Requirement >> Please give back, exactly as written, the lines from the line with "Main view of" to the line with "Садовый стол-барбекю 120см" in the listing below, leaving out all pictures.

The data >>
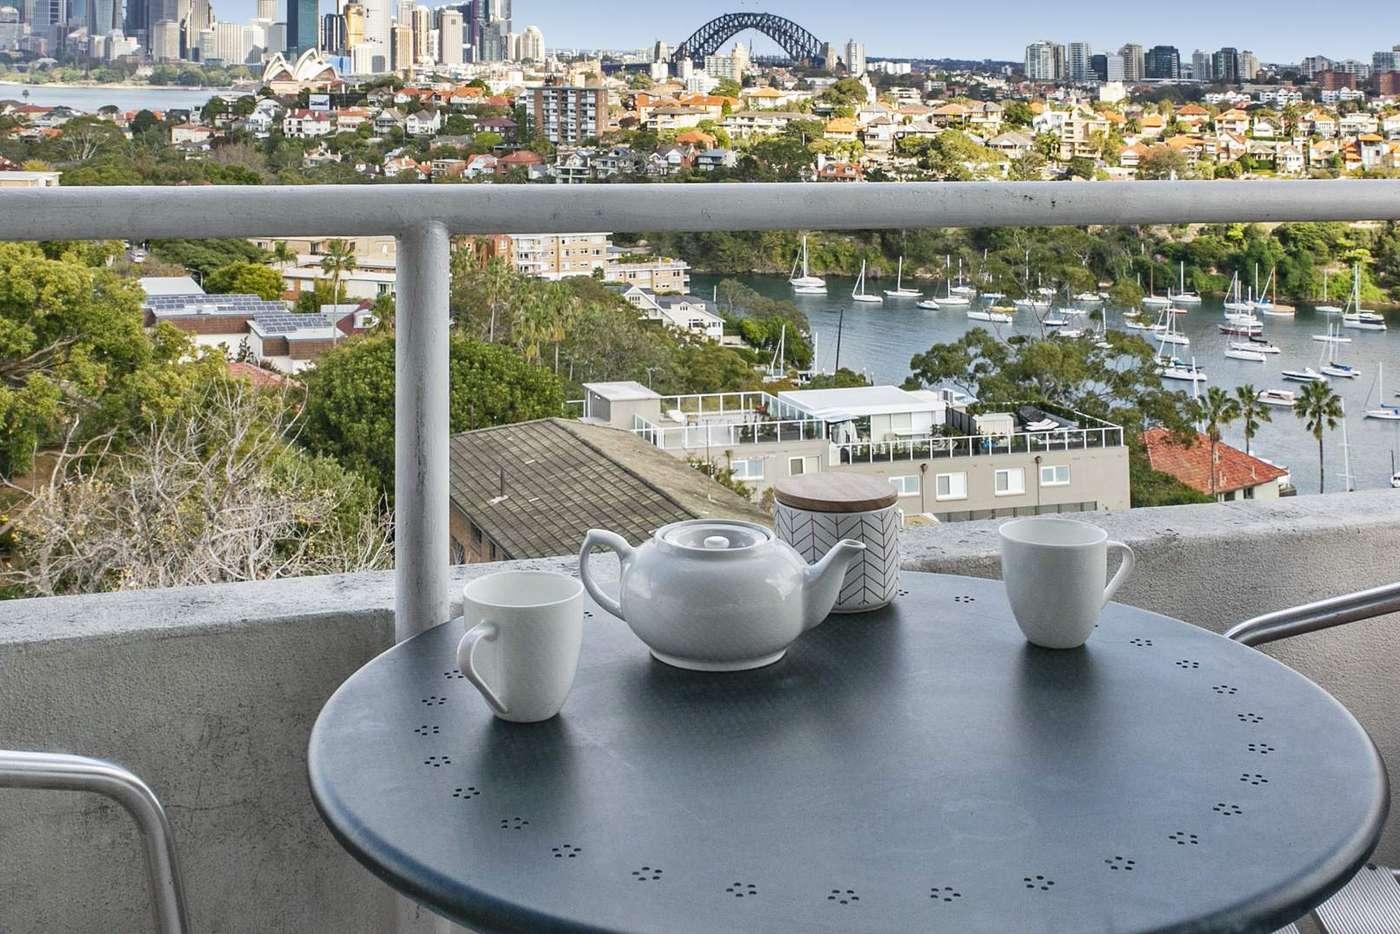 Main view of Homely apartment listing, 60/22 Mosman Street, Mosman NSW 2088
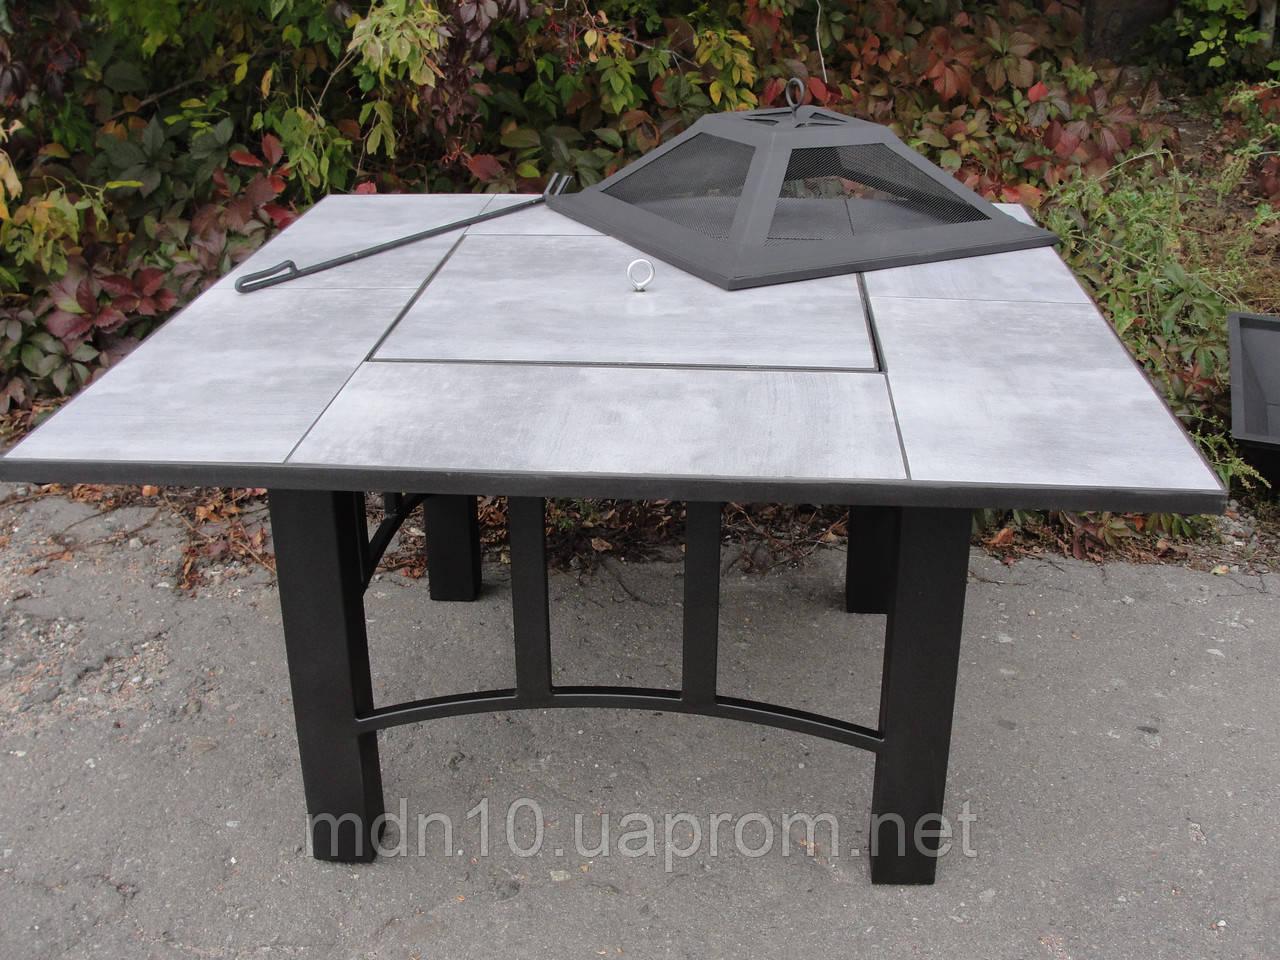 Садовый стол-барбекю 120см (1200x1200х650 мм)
...
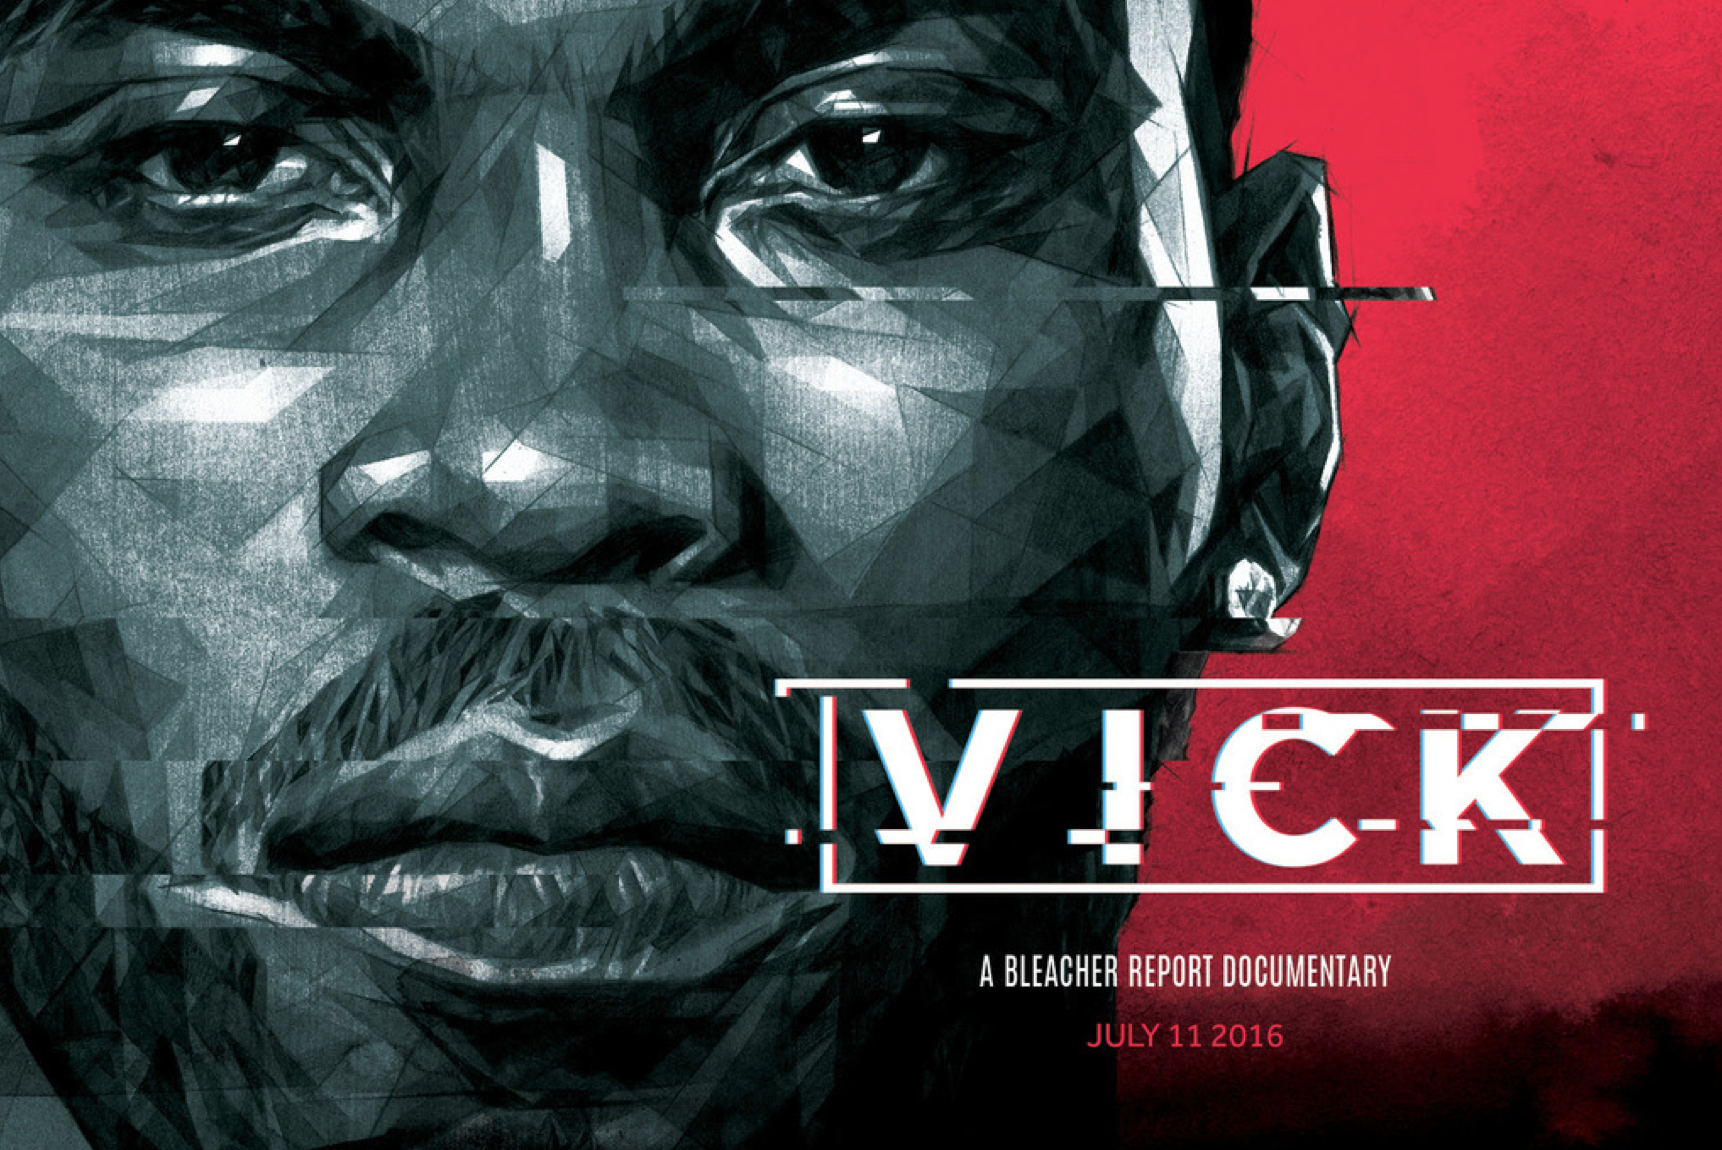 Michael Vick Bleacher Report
* * *
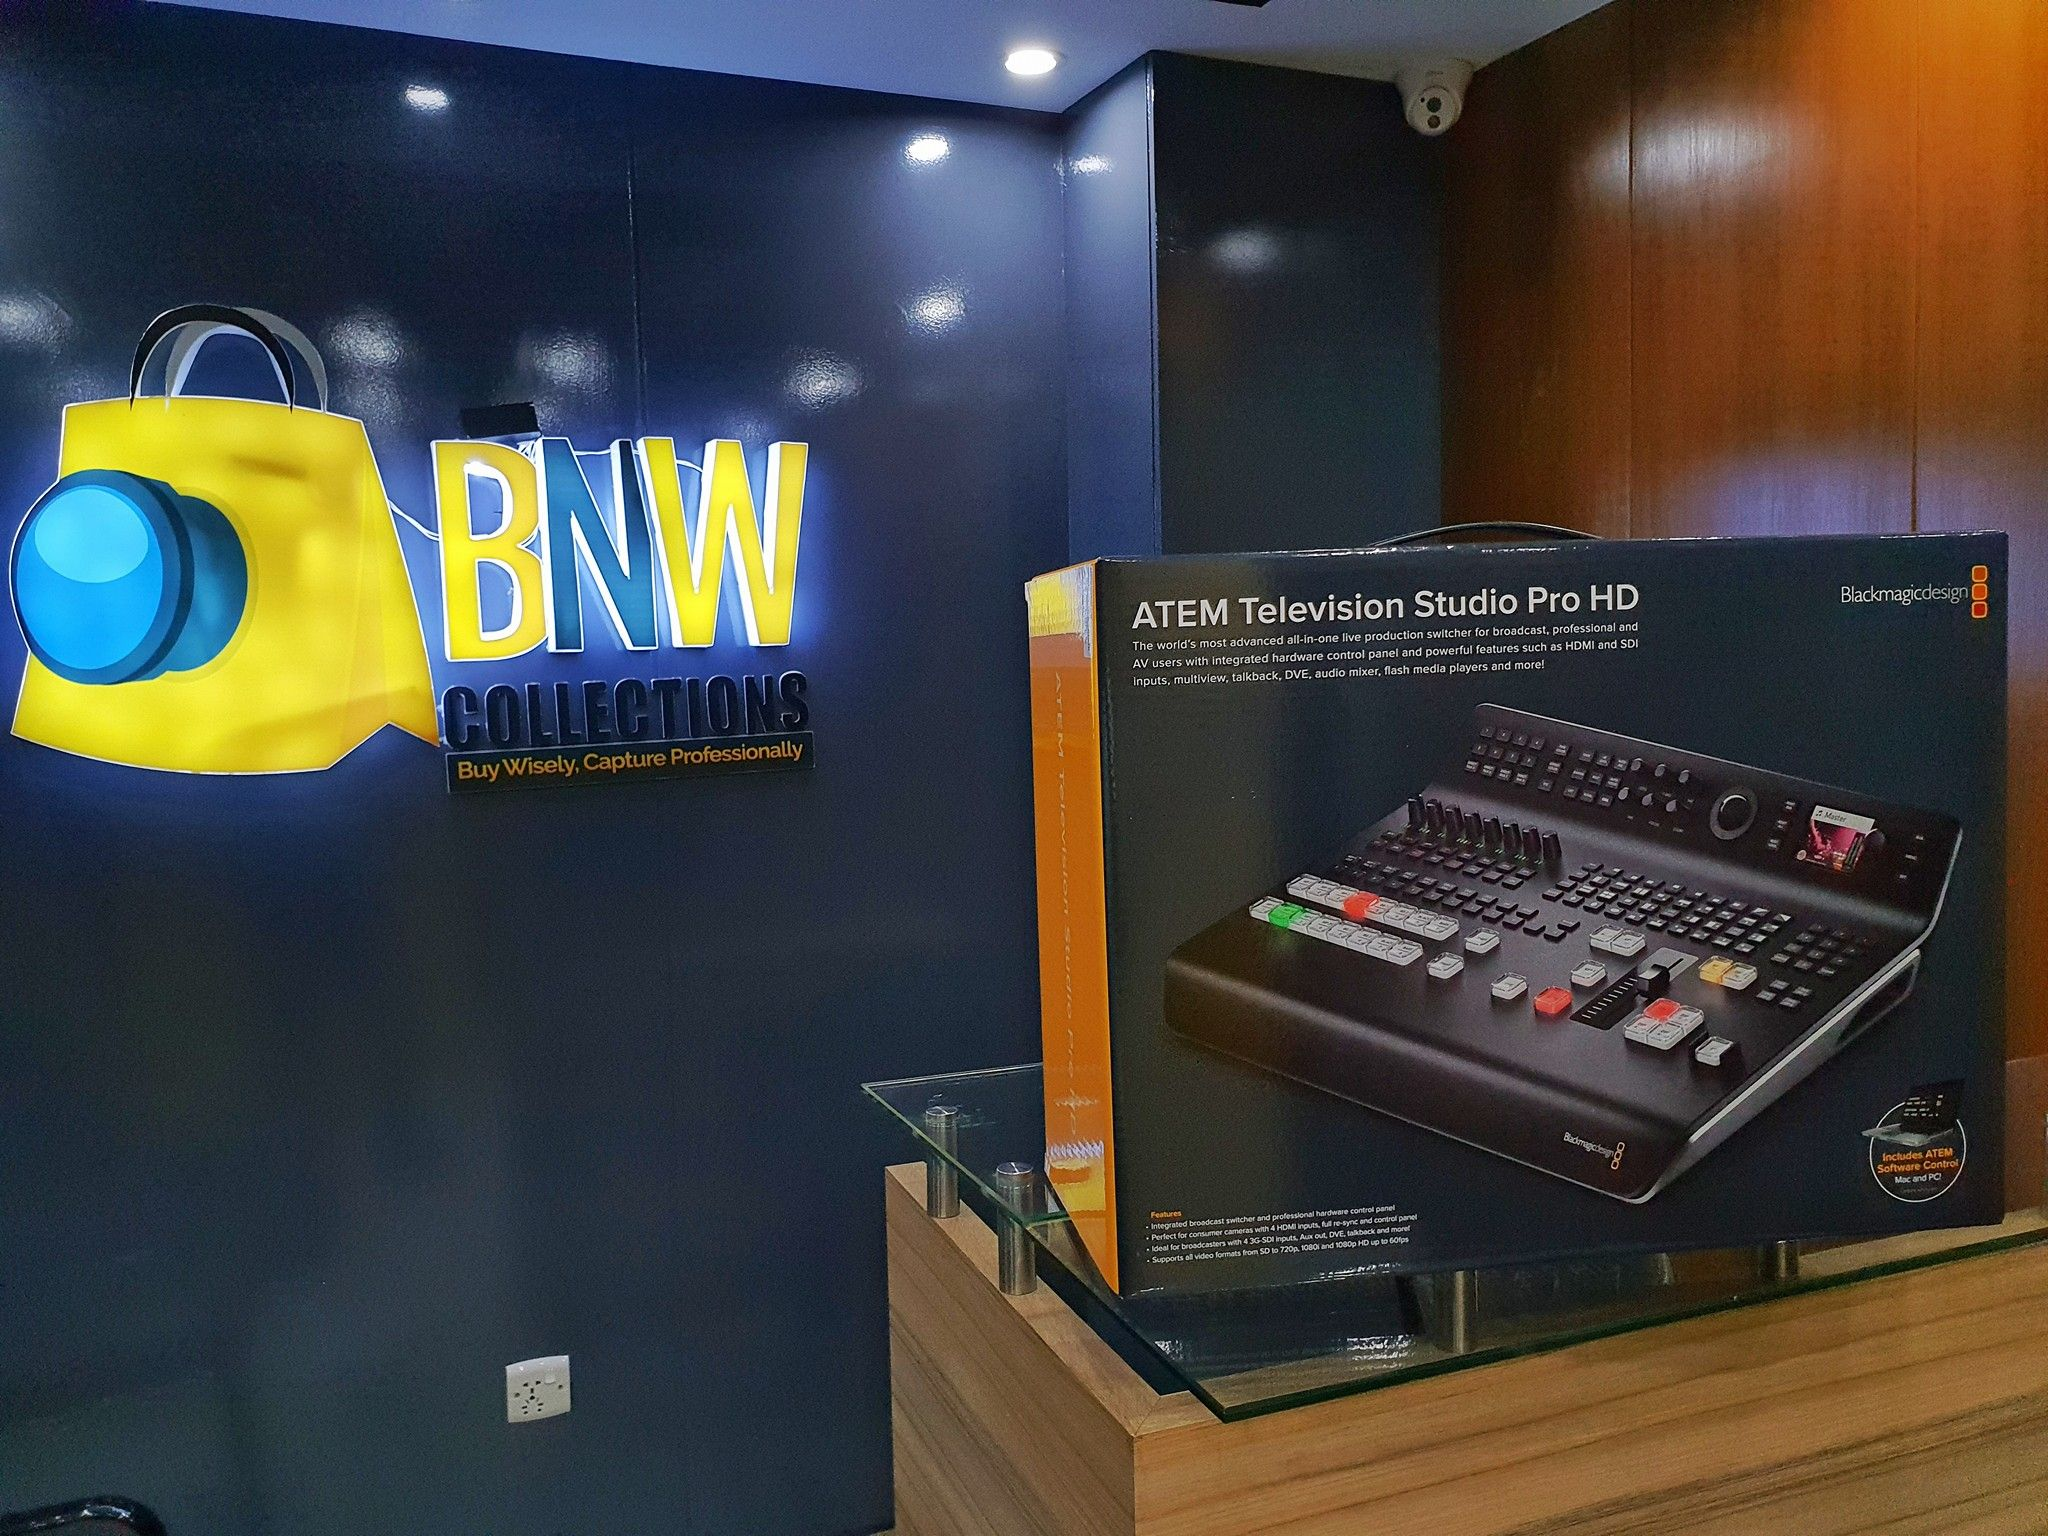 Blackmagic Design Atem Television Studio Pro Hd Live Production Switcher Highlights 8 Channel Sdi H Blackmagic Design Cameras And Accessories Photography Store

Solved problem >>
 Main view of Homely apartment listing, 60/22 Mosman Street, Mosman NSW 2088
 Садовый стол-барбекю 120см (1200x1200х650 мм)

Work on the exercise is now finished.